Eh bien, figurez-vous que j’y ai pensĂ©. Mon film, une fois arrivĂ© en montage, durait trois heures trente. TrĂšs vite, je suis allĂ© Ă  l’essentiel. J’adore le cinĂ©ma et je n’aime plus les sĂ©ries. Je ne regarde plus de sĂ©ries, j’ai dĂ©crochĂ© voilĂ  quatre ou cinq ans Ă  cause de cet Ă©tirement du rĂ©cit. Le cinĂ©ma, ça consiste Ă  raconter l’histoire en deux heures. On se l’impose et c’est un bel exercice. Mais sur une sĂ©rie de dix heures, on peut tout Ă©tirer, l’histoire, les plans. Ça m’a dĂ©goĂ»tĂ©. J’adore l’idĂ©e de ne pas avoir le temps de tout raconter pour que ça devienne vertigineux.
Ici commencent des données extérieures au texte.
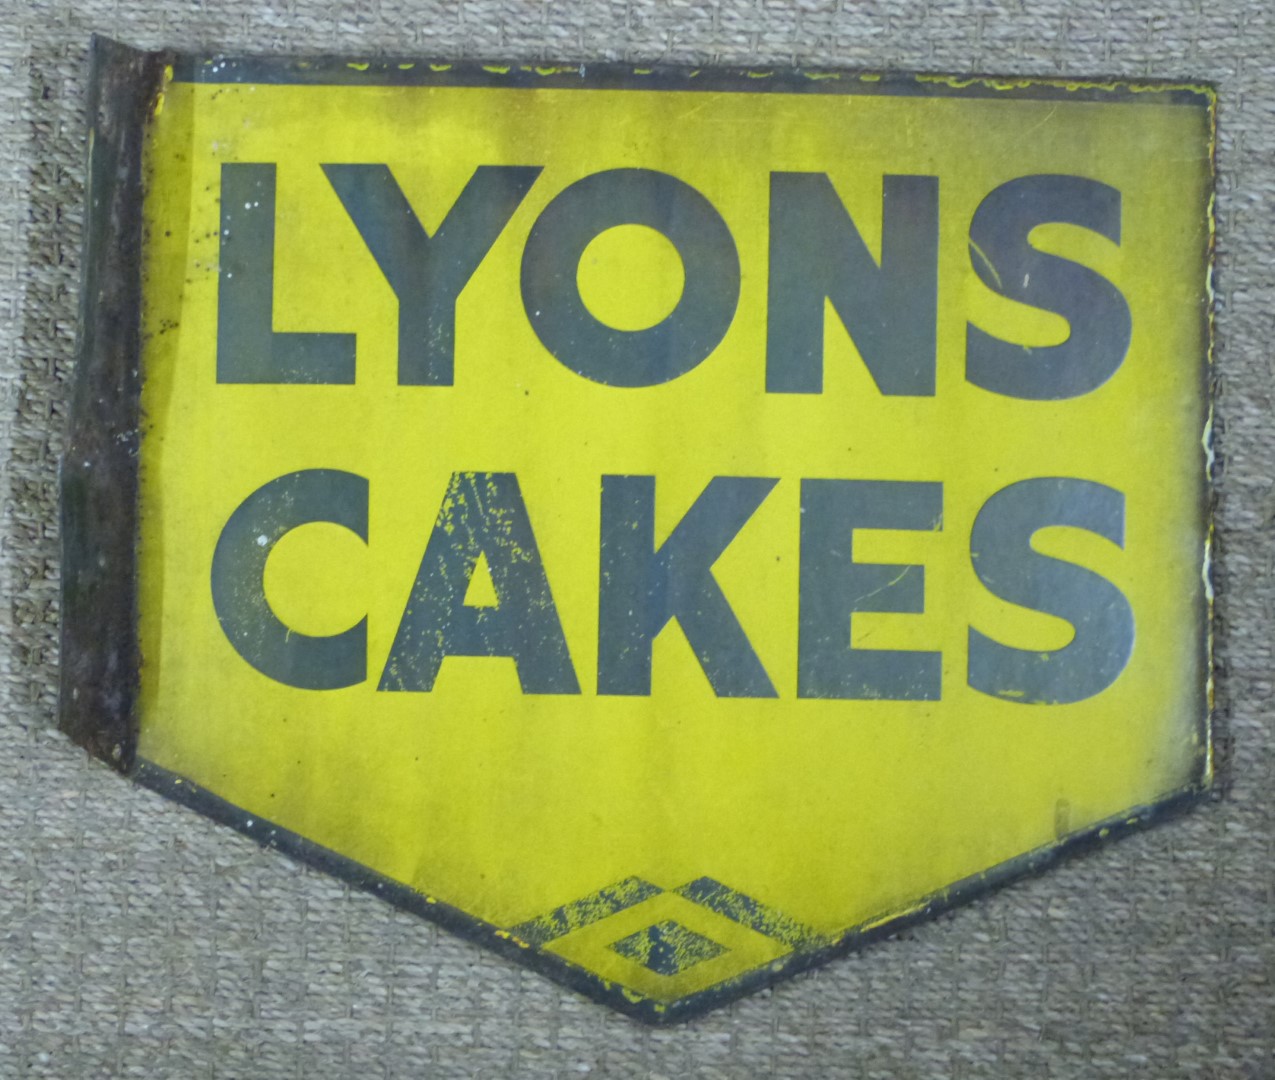 Lyons Cakes double sided vintage enamel advertising sign, 39.5 x 44cm - Image 2 of 3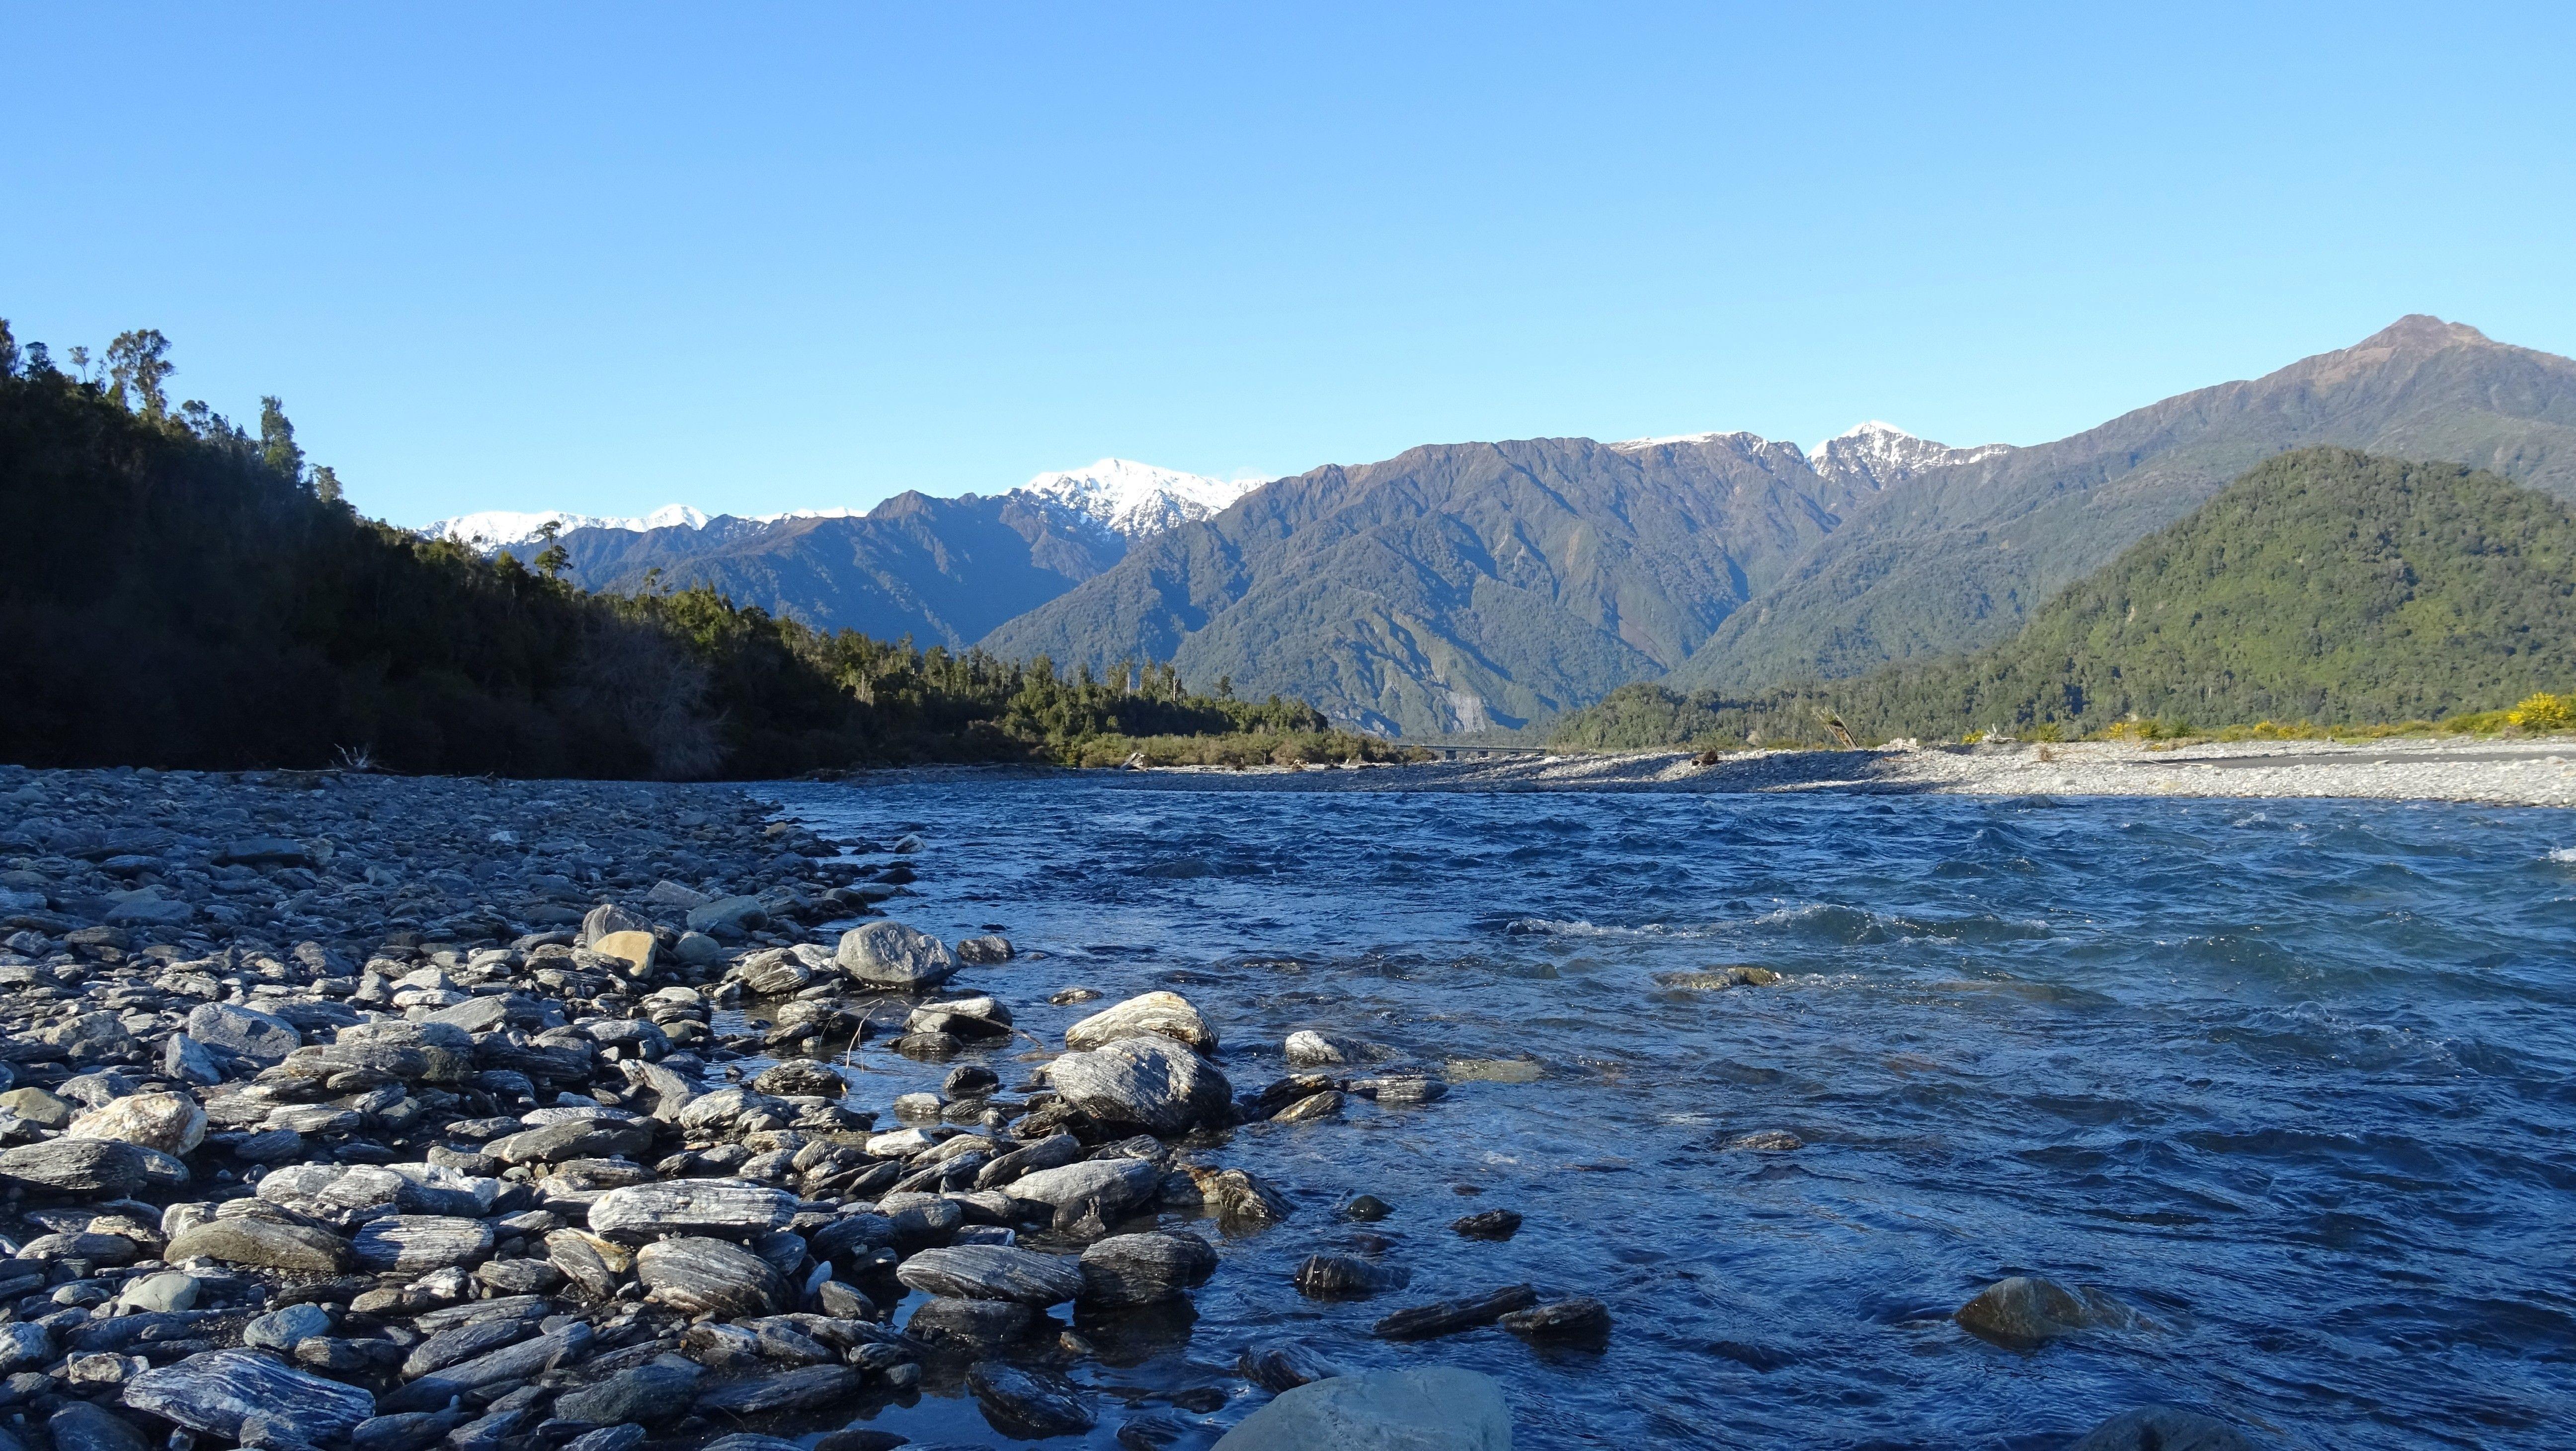 5184x2920 المناظر الطبيعية خلفية نهر نيوزيلندا طبيعة خلفية وخلفية

Le film se termine sur une fort belle scĂšne de danse au son de la chanson Beggin’ de Frankie Valli & The Four Seasons. Au tournage, Ă©tait-ce la chanson qui jouait?

Ha! Ha! Eh bien, non. On dansait plutÎt sur du Daft Punk devant la caméra.

En terminant, votre rythme de tournage est effarant. PrĂ©sentement, vous enchaĂźnez les rĂŽles comme Olivier Gourmet peut le faire. On vient de vous voir dans L’Innocent puis dans Les Enfants des autres qui sortira au QuĂ©bec cet Ă©tĂ©. Ensuite, vous serez au gĂ©nĂ©rique de six autres longs mĂ©trages en 2023. C’est fou!

Oui et c’est Ă  cause du COVID. Cette crise m’a permis de voir ce que c’était que de mener une vie sans passion, sans vivre de sa passion. J’ai rĂ©alisĂ© le privilĂšge que j’avais de faire des films et c’est vrai que depuis, j’ai accentuĂ© le rythme et le nombre de tournages. |

Cette entrevue a Ă©tĂ© rĂ©alisĂ©e dans le cadre des Rendez-vous du cinĂ©ma 2023 d’UniFrance.